Lihat ke Halaman Asli

Mohammad Iqbal Shukri

Manusia penyuka sambel setan

Nabi Ibrahim Bukan Nabi Kriminal

Diperbarui: 11 Februari 2020   01:25

Kompasiana adalah platform blog. Konten ini menjadi tanggung jawab bloger dan tidak mewakili pandangan redaksi Kompas.

Gambar: islami.co


Siapa yang tidak kenal Nabi Ibrahim. Khususnya bagi umat muslim. Meskipun kita dikenalkan hanya melalui bentuk cerita-cerita dari guru atau orang tua kita. Dan cerita-cerita sang Nabi tersebut akan terus diwariskan pada anak cucu kita nantinya.

Namun dibalik cerita para nabi tersebut ada yang tidak bisa ditangkap oleh akal pikiran kita. Sebab akal pikiran kita terbatas. Sehingga kita hanya dituntut untuk mengikuti dan percaya.

Salah satunya dalam kisah penyembelihan yang dilakukan oleh Nabi Ibrahim  terhadap anaknya yakni Nabi Ismail. Hal itu didasari atas wahyu yang diterima oleh Nabi Ibrahim melalui mimpinya. 
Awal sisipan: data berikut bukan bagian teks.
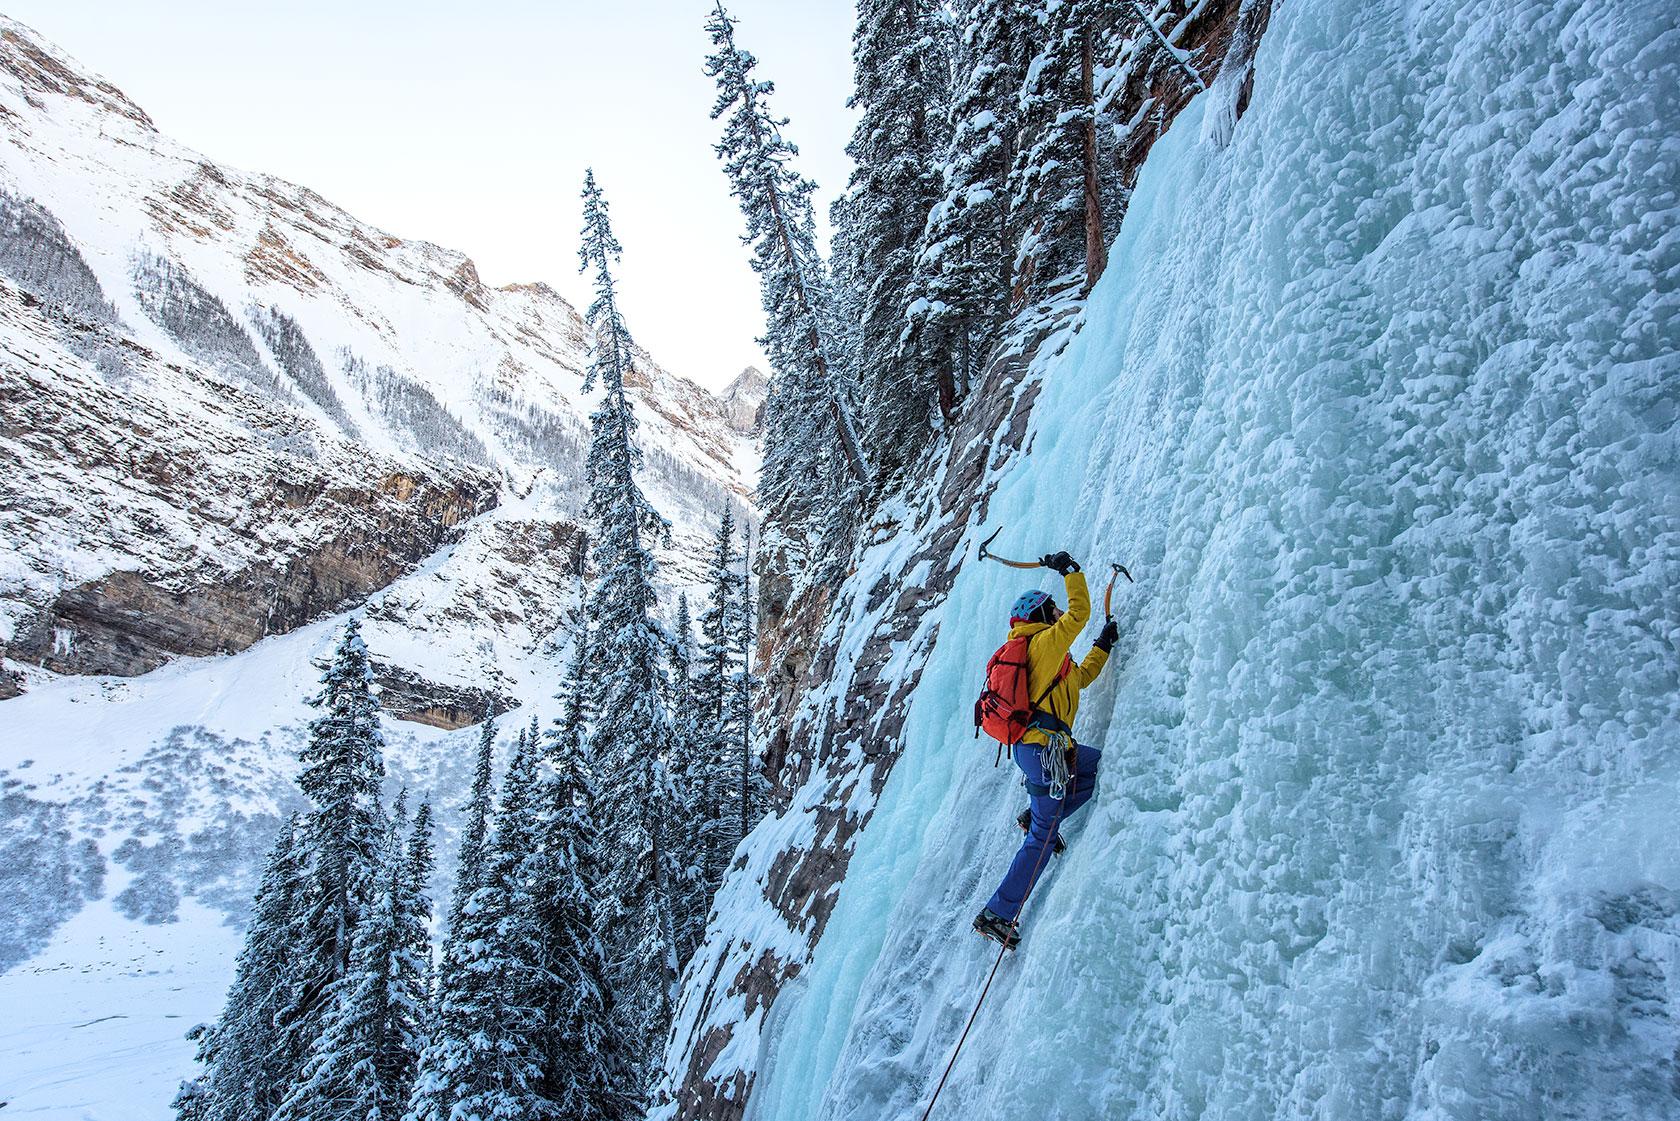 austin-trigg-patagonia-banff-alberta-winter-lake-louise-falls-waterfall-ice-climbing-mountains-snow-ax-adventure-outside.jpg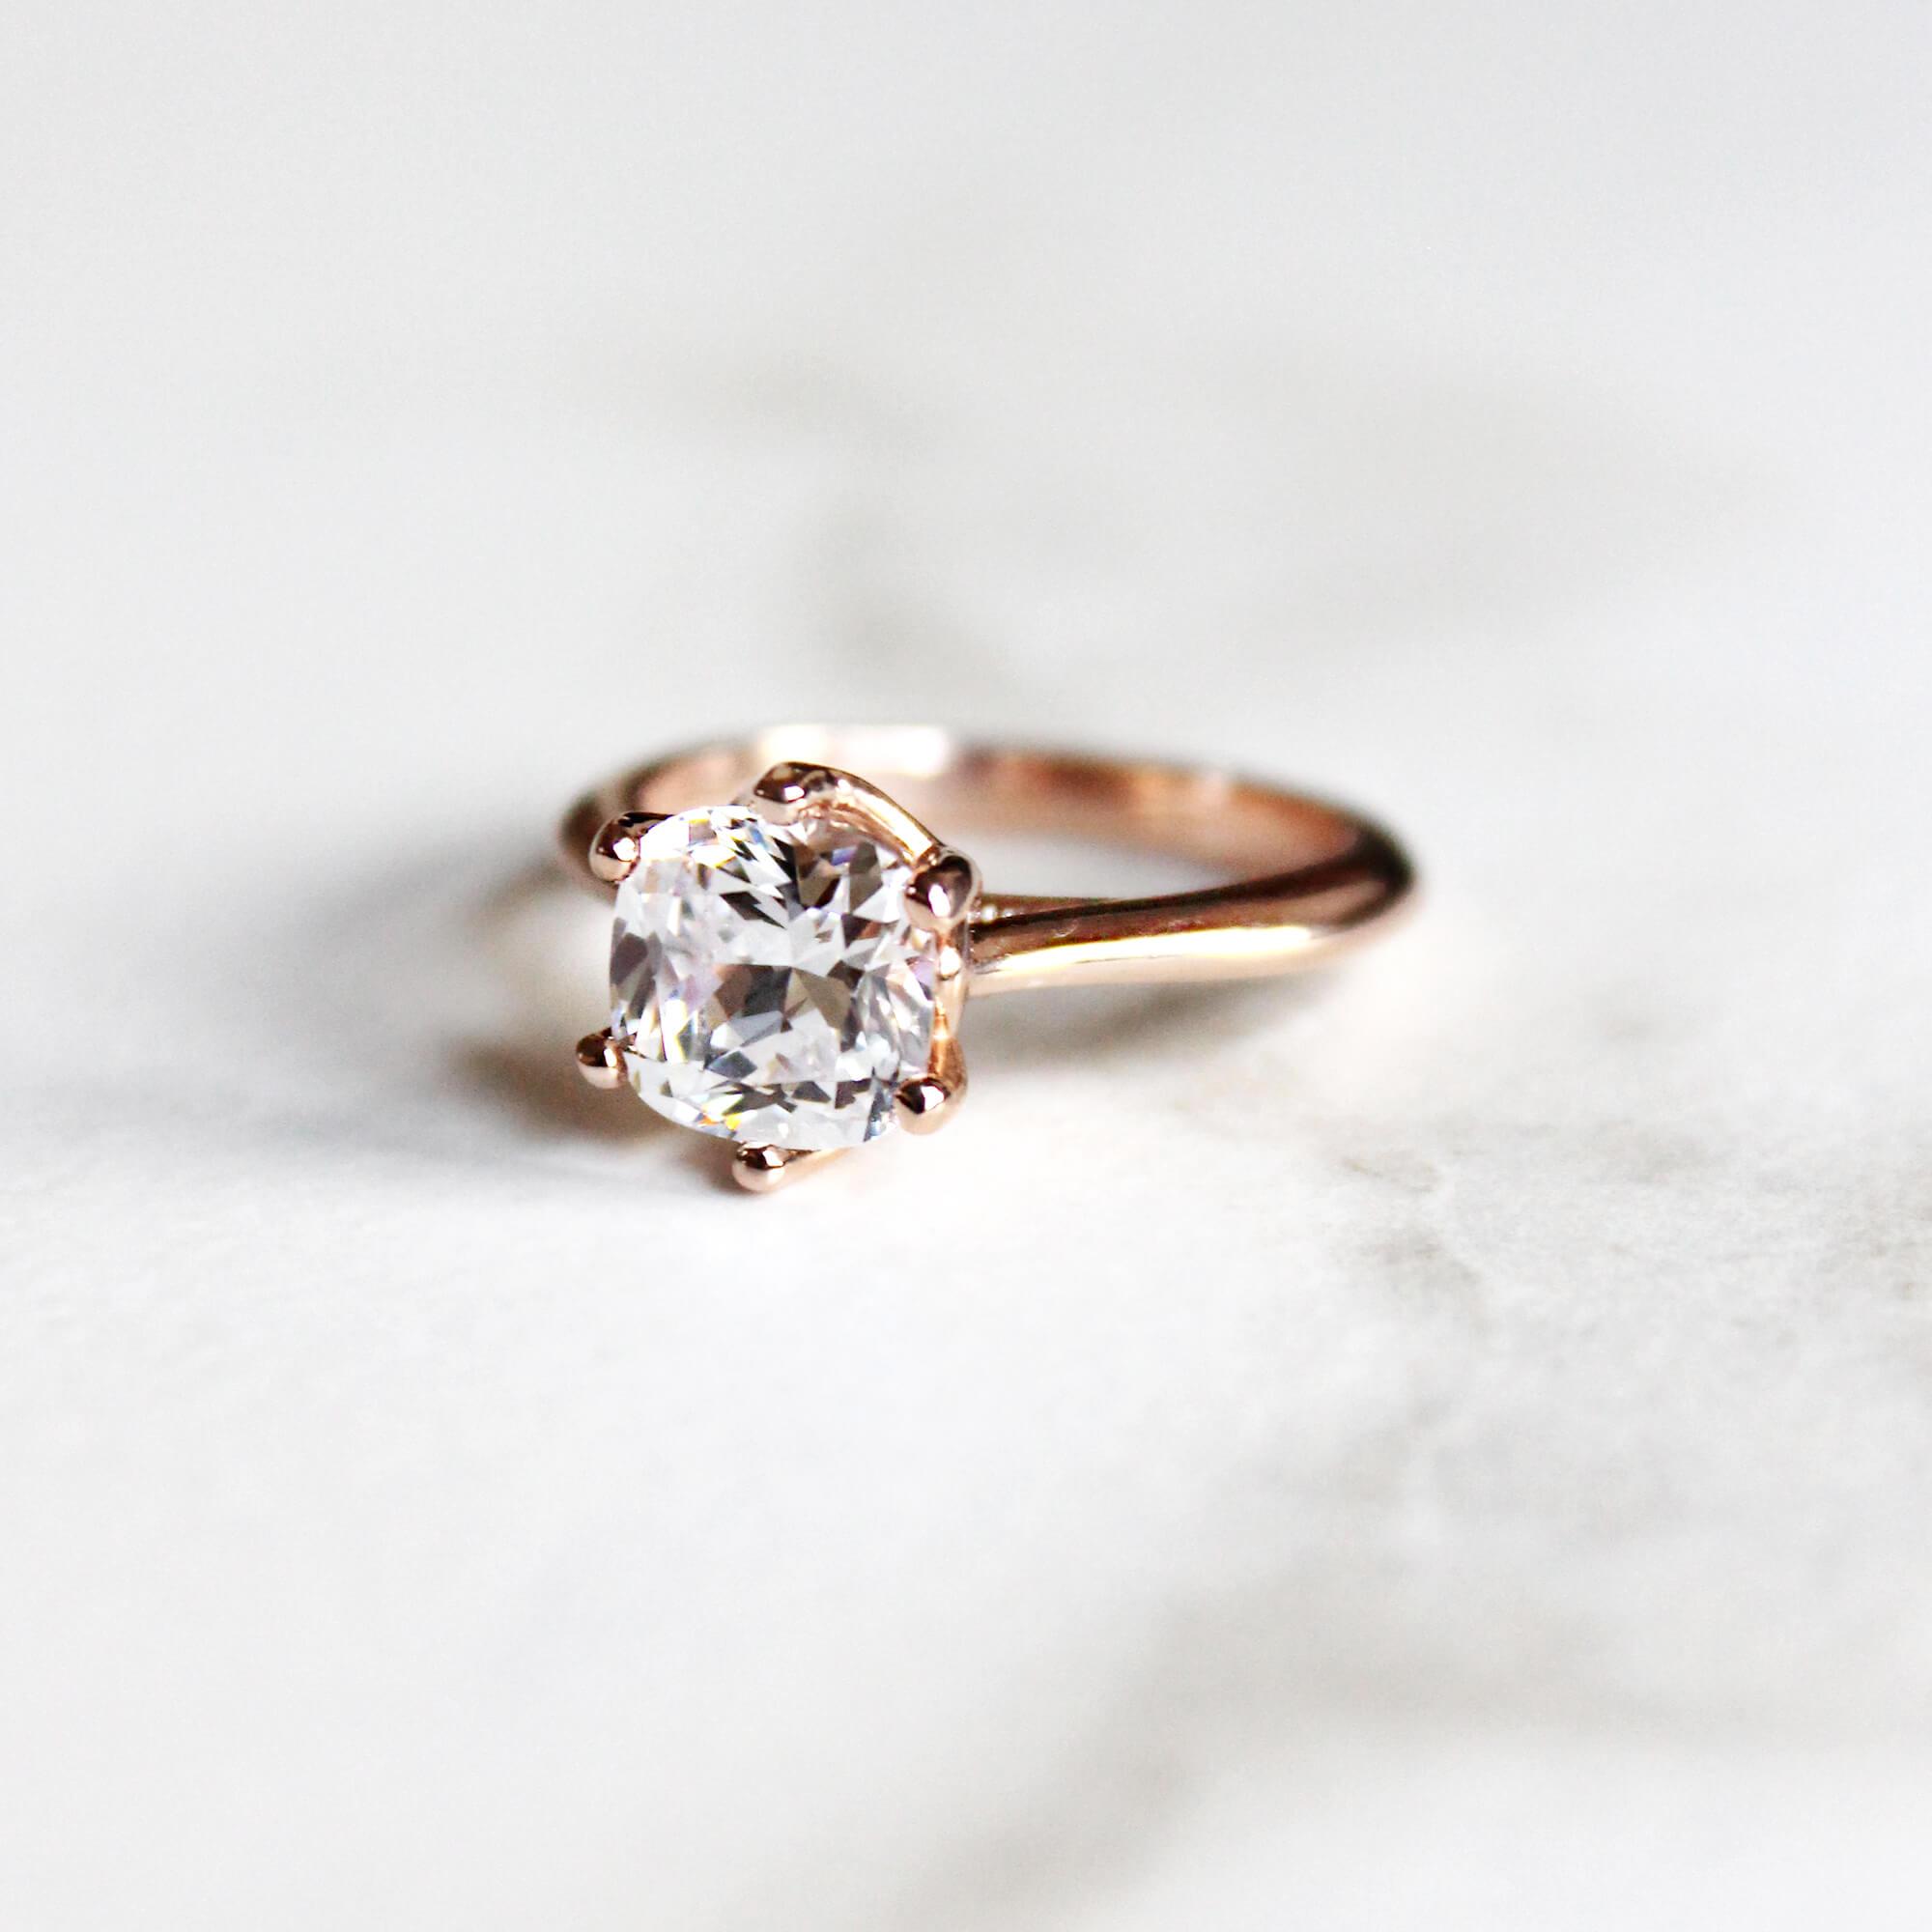 Bali Classic Cushion Cut Engagement Ring

Dengan utusan agar menyembelih puteranya. Singkat cerita Nabi Ibrahim pun melakukan penyembelihan tersebut. Hingga kini peristiwa penyembelihan tersebut biasa umat Islam kenal dengan Hari Raya Idul Adha atau Hari Raya Qurban. 

Bedanya ritual penyembelihan diganti dengan hewan qurban seperti sapi, kambing dan lainnya yang boleh dijadikan sebagai hewan qurban.

Kritisisme atas Kisah Nabi Ibrahim

Dari wahyu yang di dapat oleh Nabi Ibrahim lewat mimpi tersebut. Tak ayal jika menimbulkan pro dan kontra dalam pandangan awam.  Sebab agama mengajarkan cinta dan kasih sayang, bukan kriminal atau kejahatan. 

Namun dalam hal ini kenapa Nabi Ibrahim mendapat utusan dari Tuhan untuk membunuh anaknya sendiri?

Sebuah perintah dalam mimpi tersebut telah meninggalkan nilai-nilai kemanusiaan. Yakni dengan menghilangkan nyawa sang anak. Kemudian timbulah anggapan bahwa terselip maksud kekerasan yang di legitimasi oleh agama. Hingga muncul sebutan Ibrahim adalah Nabi Kriminal.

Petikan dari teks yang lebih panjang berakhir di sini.